2021 | 96 Pts, Altamente Recomendado, Revista Vinhos, Portugal
2021 | 18 Pts, João Paulo Martins Wines, Portugal
2019 | 92 pts, Wine Advocate, Robert Parker, Mark Squires, USA
2019 | 92 pts, James Suckling, USA
2019 | 92 pts, Wine Enthusiast, USA
2019 | 93 pts, Decanter, UK
In 2019 one of the neighbours of the Herdade Aldeia de Cima asked the estate’s owners whether they could harvest the grapes from two small vineyard plots - Cevadeira and Zorreira - located in Cevadeira, on the foothills of the Serra do Mendro, encompassing a total of 1.5 hectares
The old vines, grown using rainfed viticulture, consisted solely of traditional red grape varieties – Alfrocheiro, Tinta Grossa and Trincadeira –, and were treated with little productive intervention, producing a very small production level, of only 0.75 Kg per vine.
The granitoid soil of the eruptive complex in Vidigueira, which consists of evolved quartz-diorites, from medium to fine grain, with characteristics that are very close to the transition of the higher schists, gives rise to a wine that has a very specific identity.

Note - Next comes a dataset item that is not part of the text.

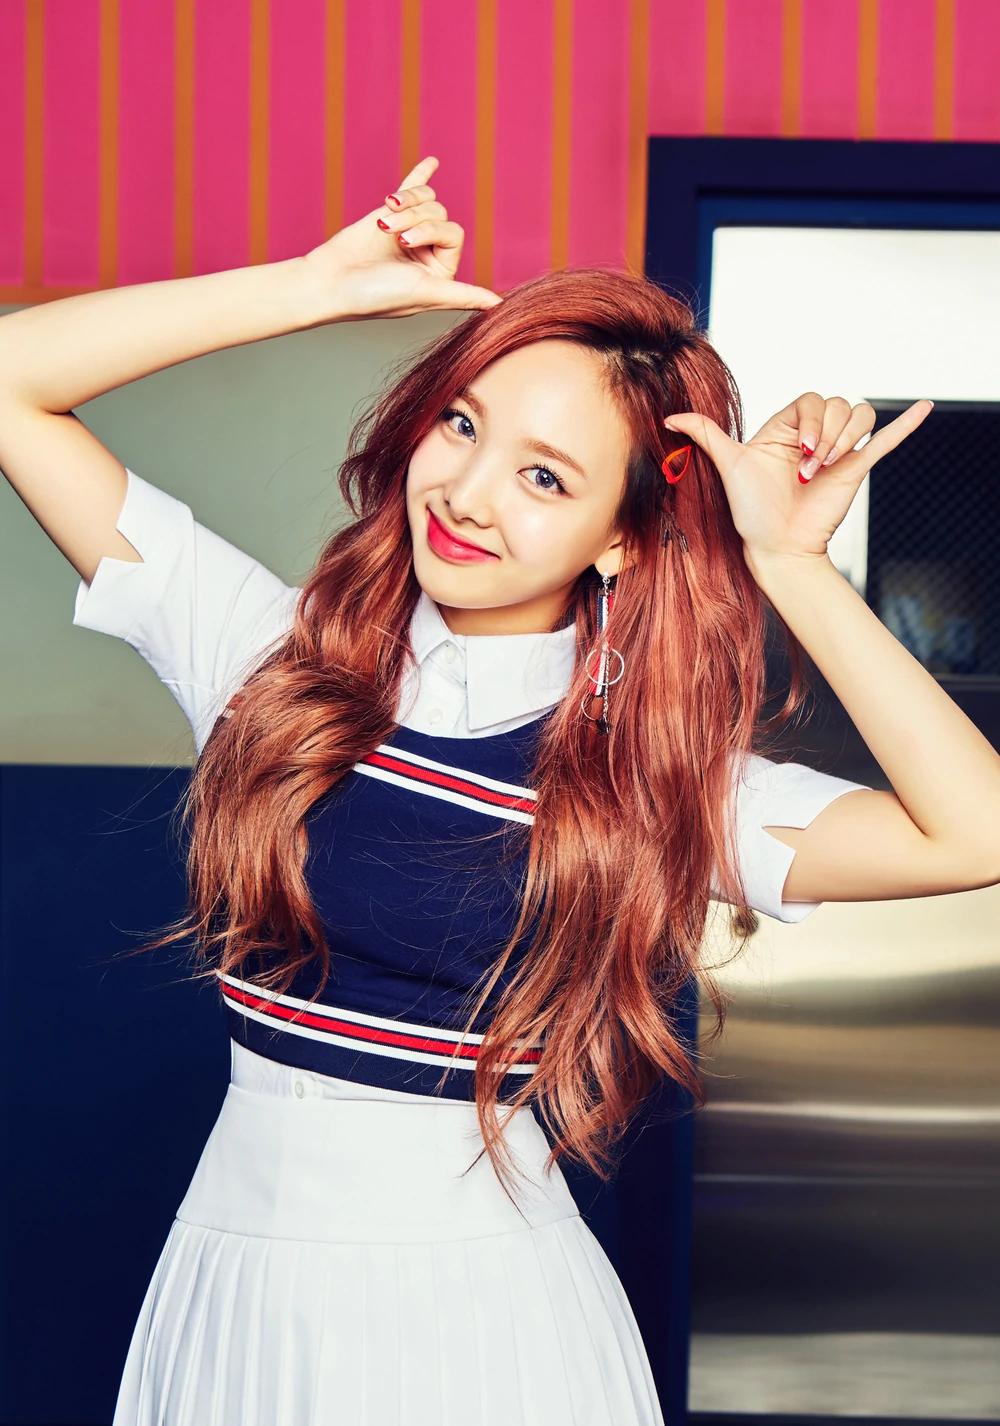 Nayeon Twice Gallery Kpop Wiki Fandom Powered By Wikia Nayeon Twice Nayeon Twice
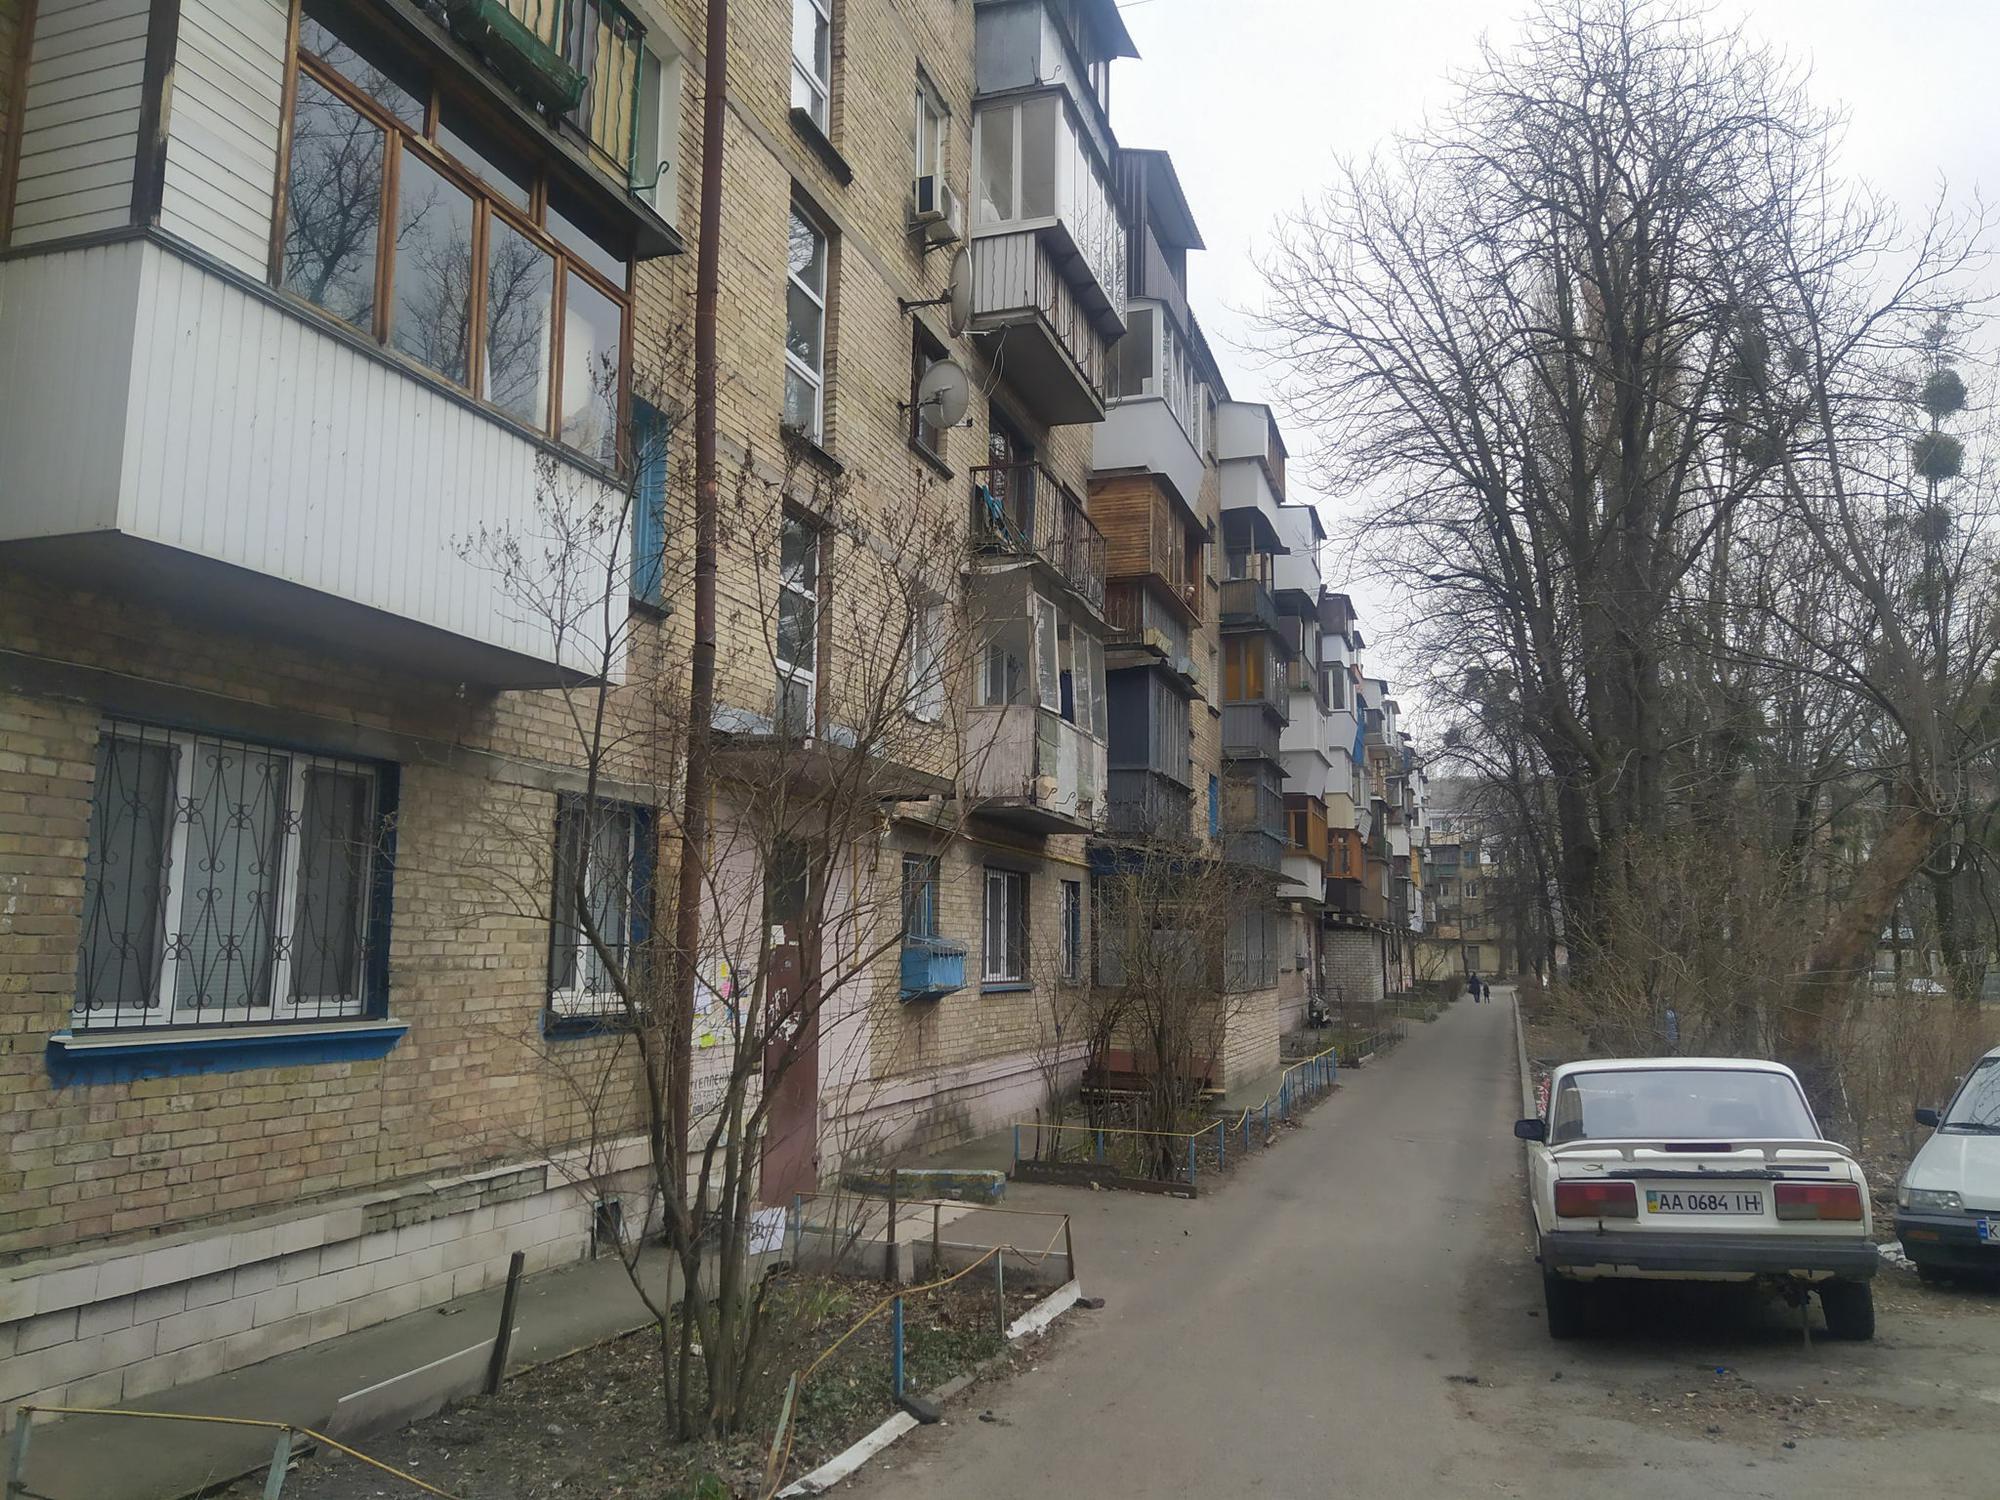 Сдам долгосрочно 2 к, г. Киев                               в р-не Отрадный                                 фото

We are in a transition zone, with non-clay soils, primarily consisting of diorites, derived from the diversity and geological fault of the Serra do Mendro. in this windy area at the foot of the mountain, on poor, shallow and well-drained soils that a complementary activity to the forest has been developed since very ancient times - the cereal crop. The name Cevadeira appears as a reference to the cultivation of barley, a centuries-old practice that has been maintained over the years, occupying a central place in the agriculture of the Alentejo and Portugal until the 1970s, when the free forms of training the vines planted in different rows teach us how to get the best from the earth using organic techniques: three-dimensional canopies, cheerful, brimming with life, as if they were always looking for the best way to hide the bunches of grapes from the powerful sunlight in July. Here, in this unspoilt site, the vine-time binomial is a testament to the ancestry of the vine.